Tanja Birkholz ist seit Mitte 2020 Chefin der Schufa Holding AG in Wiesbaden.

Von den verschiedenen Schufa-Scores machen Banken zum Teil Kreditkonditionen abhängig, Onlinehändlerinnen, -händler oder Vermieterinnen und Vermieter manchmal sogar den Vertragsabschluss. Alter, Geschlecht, Einkommen und Vermögen spielen zumindest bei der Schufa nach eigenen Angaben keine Rolle und die Wohngegend angeblich nur in 0,3 Prozent der Fälle – wenn sonst überhaupt keine Daten über einen Onlinekäufer oder eine Onlinekäuferin vorliegen.

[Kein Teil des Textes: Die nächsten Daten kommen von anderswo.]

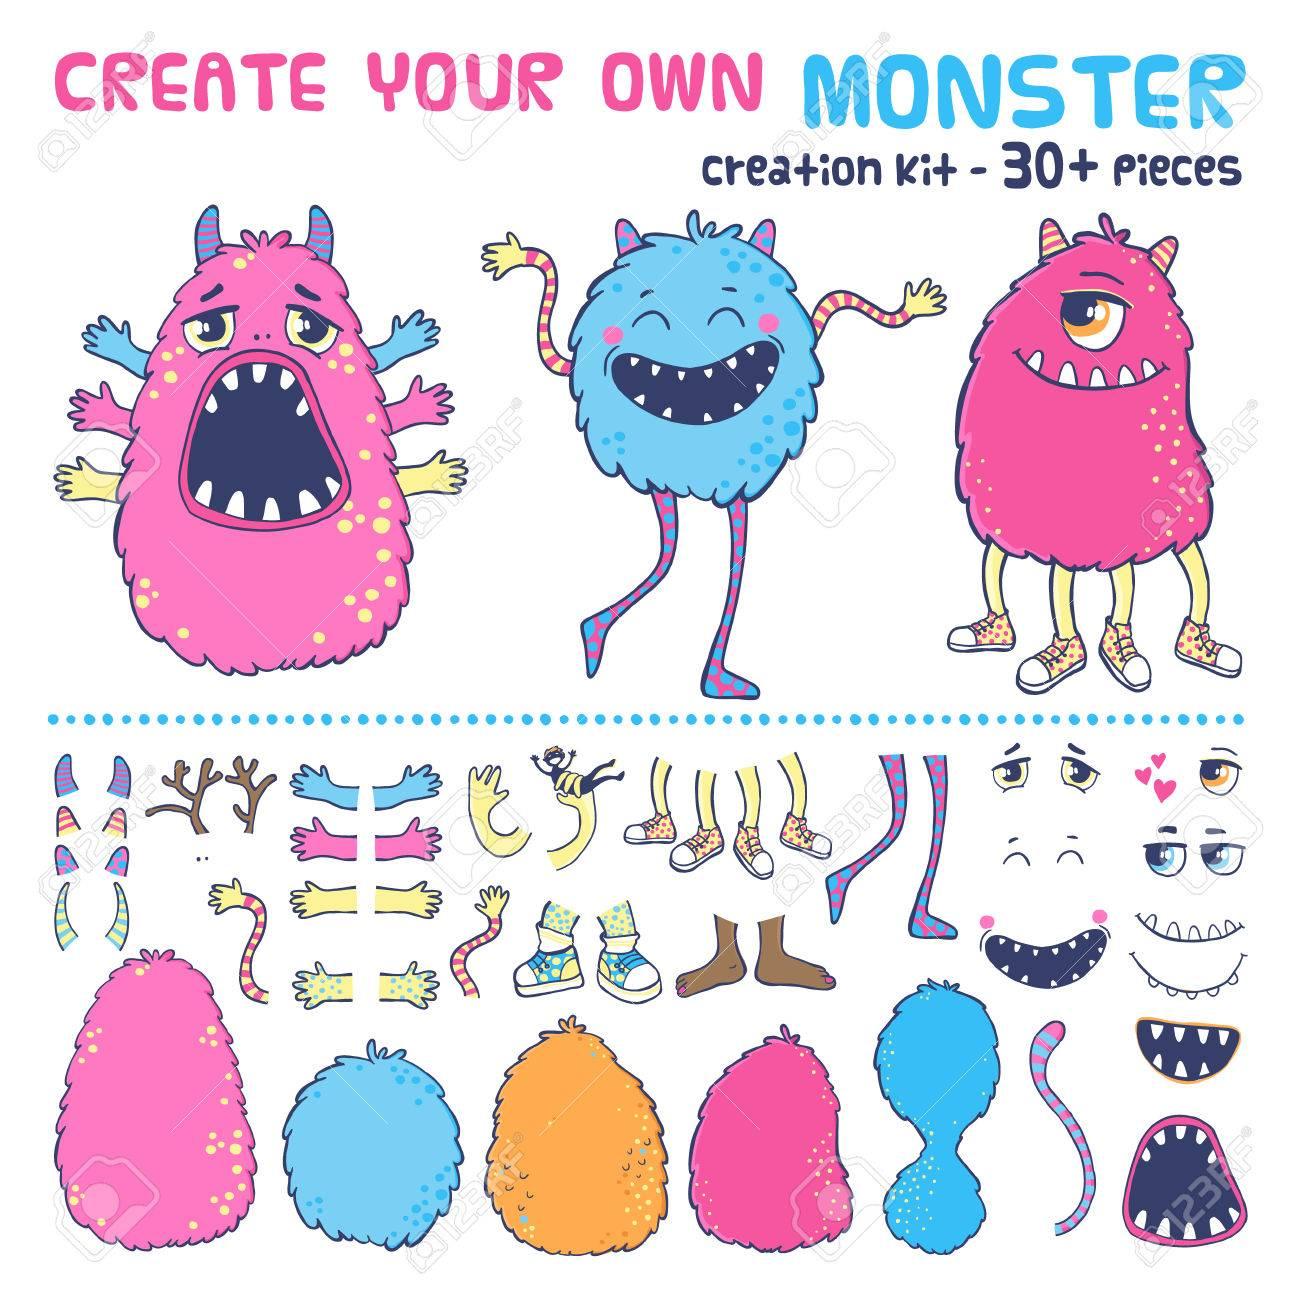 Monster creation kit. Create your own monster. - 49963669

Das Ergebnis sind vier Risikoklassen von „hervorragend“ bis „ausreichend“, die angeben, wie hoch die Rückzahlungswahrscheinlichkeit bei Schuldnern der jeweiligen Kategorie erfahrungsgemäß ist. In der besten Kategorie liegt sie über 97 Prozent – von 100 Schuldnerinnen und Schuldnern bleiben statistisch drei ihre Zahlung schuldig. In der Kategorie „ausreichend“ sind es rund 14 von 100.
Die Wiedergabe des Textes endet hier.